As of the data cutoff on July 13, 2022, the median duration of follow-up was 15.1 months. There was 1 (0.8%) case with complete response, 14 (11.9%) cases with partial response, 76 (64.9%) cases with stable disease, and 26 (22.2%) cases with progressive disease.

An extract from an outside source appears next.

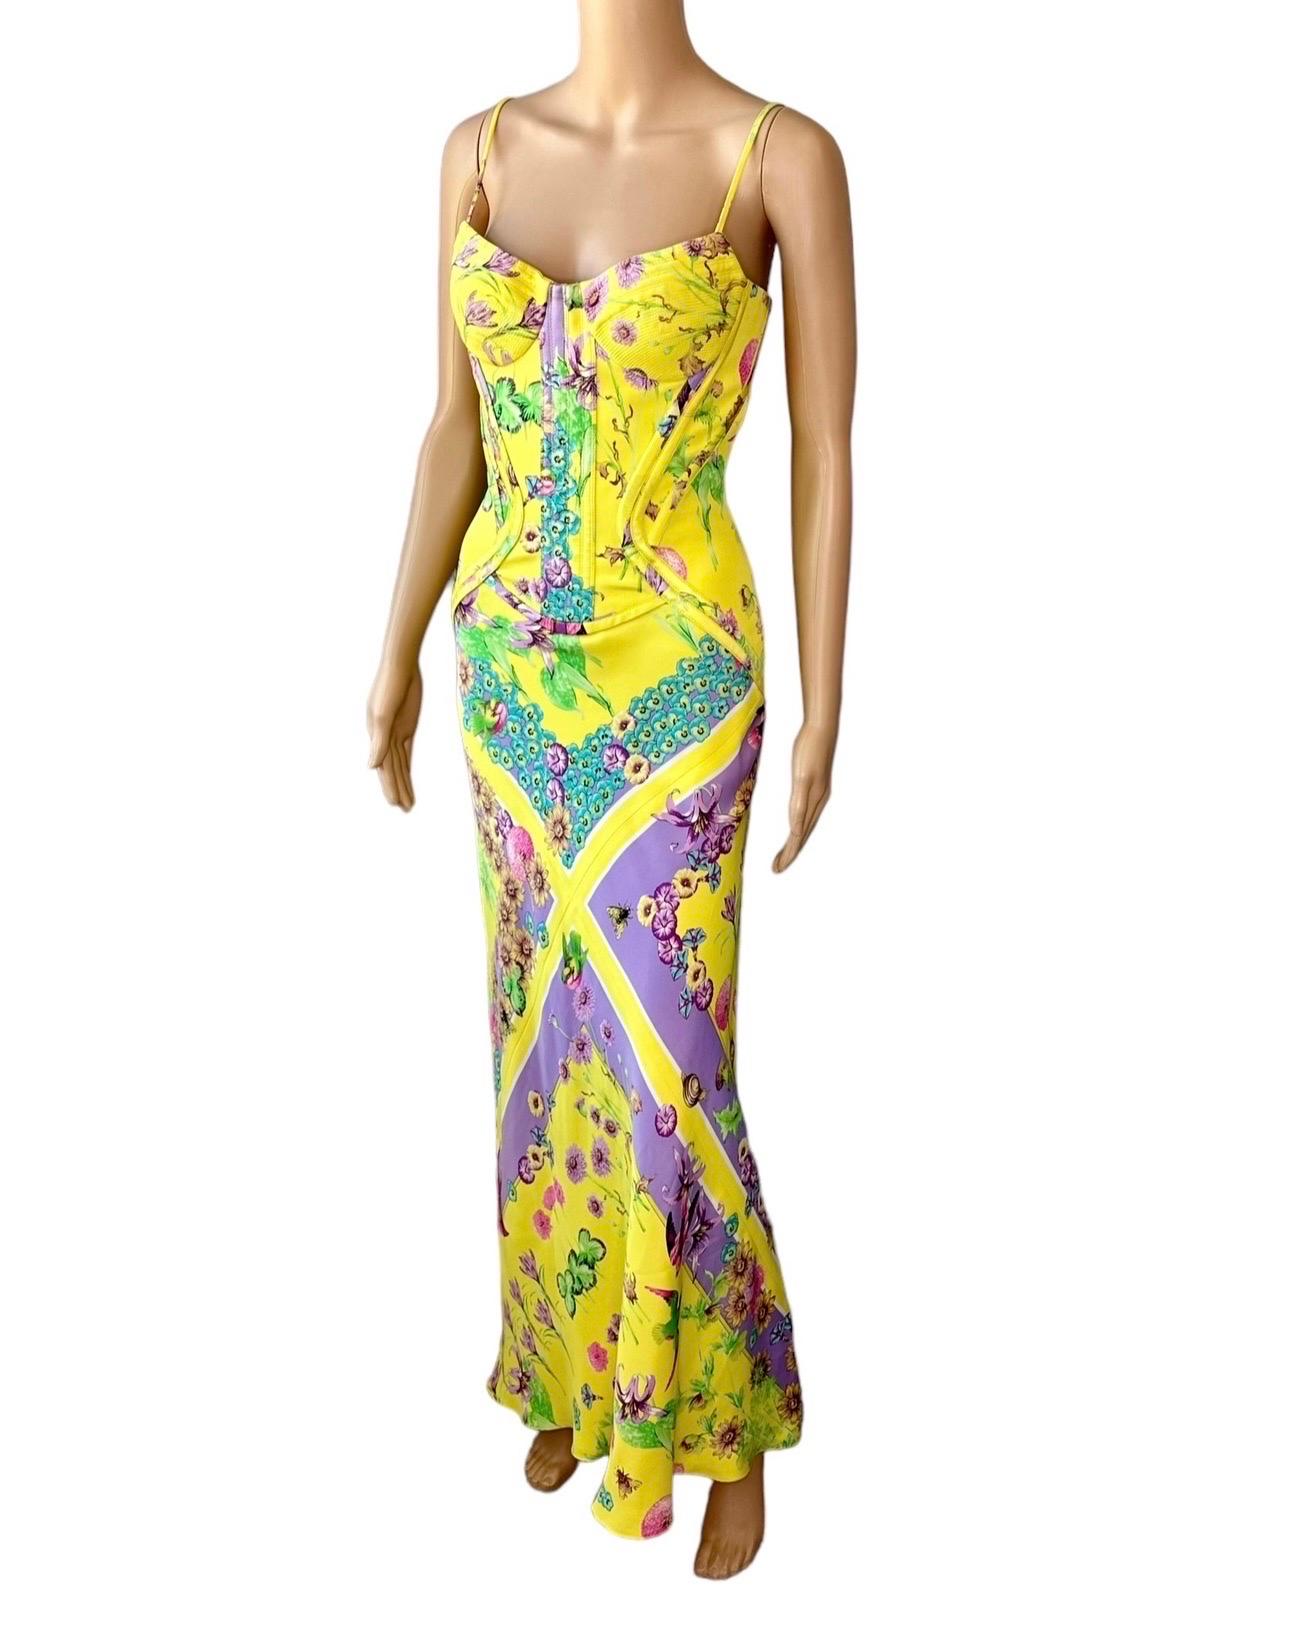 Versace S/S 2006 Bustier Corset Floral Print Evening Dress Gown For Sale 1
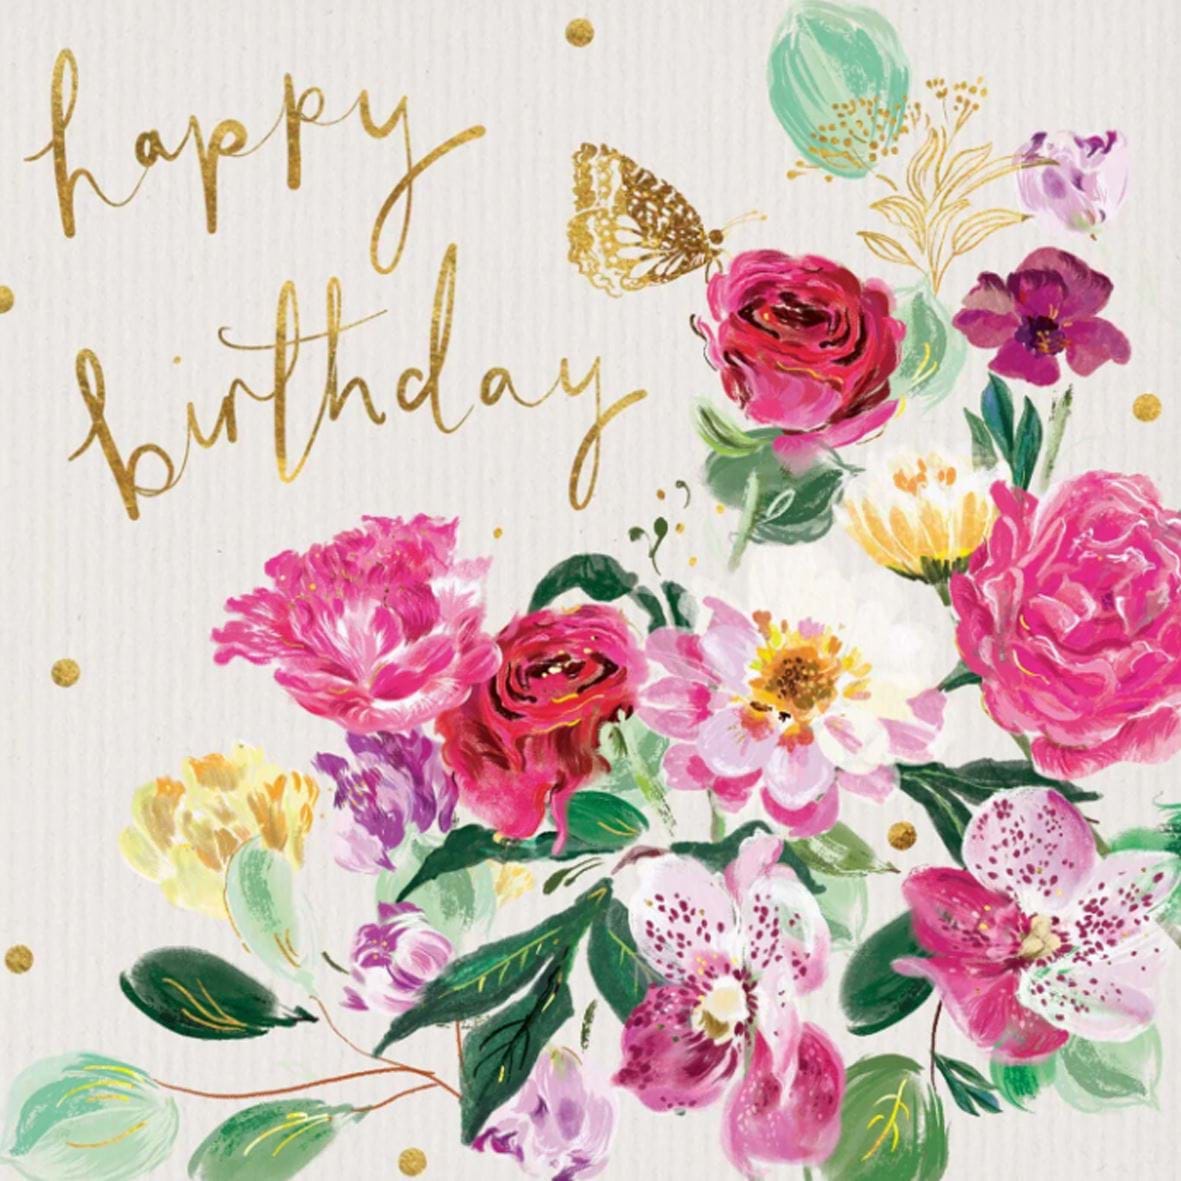 Floral Bloom Birthday Card

Therefore, the ORR was 12.7%, and the DCR was 77.6%. 58 patients (49.5%) had died, and 26 patients (22.2%) remained at the progression-free stage. The median PFS were 7.0 months (95% CI: 5.9 to 8.2 months; Fig. 1A), while the median OS were 18.7 months (95%CI: 13.7 to 23.8 months; Fig. 1B).

Fig. 1
figure 1

Overall population survival curves. PFS (A), OS (B)

Clinical prediction model for PFS in patients with aHCC

The univariate Cox regression analyses showed that treatment regimen (p = 0.020), Hb at 6-week (p = 0.042), NLR at 6-week (p < 0.001), SII at 6-week (p = 0.125) were significantly associated with a prolonged PFS (Table 2). Those results from the prior univariable analysis were entered into multivariate analysis, which showed PFS was related to treatment regimen (HR: 0.58, 95% CI: 0.34–0.91; p = 0.020), Hb at 6-week (HR: 0.64, 95% CI: 0.42–0.98; p = 0.042), NLR at 6-week (HR: 2.19, 95% CI: 1.41–3.41; p < 0.001) (Table 2). Figure 2 shows the Kaplan–Meier curves of PFS for patients with aHCC receiving anti-PD-1 inhibitor. The monotherapy group had poorer mPFS compared to the combination therapy group (mPFS, 4.8 months, 95% CI: 4.4–5.2 vs. 7.4 months, 95% CI: 5.3–9.5, p = 0.018) (Fig. 2A). Compared to the Hb at 6-week > 130, patients with Hb at 6-week ≤ 130 had a significantly shorter mPFS (mPFS, 8.8 months, 95% CI: 6.1–11.5 vs. 5.5 months, 95% CI: 4.2–6.8, p = 0.027) (Fig. 2B). Moreover, the mPFS was shorter in patients with NLR at 6-week > 3 than those with NLR at 6-week ≤ 3 (mPFS 11.2 months, 95% CI: 5.9–16.5 vs. 5.3 months, 95% CI: 3.5–7.1, p < 0.001) (Fig. 2C).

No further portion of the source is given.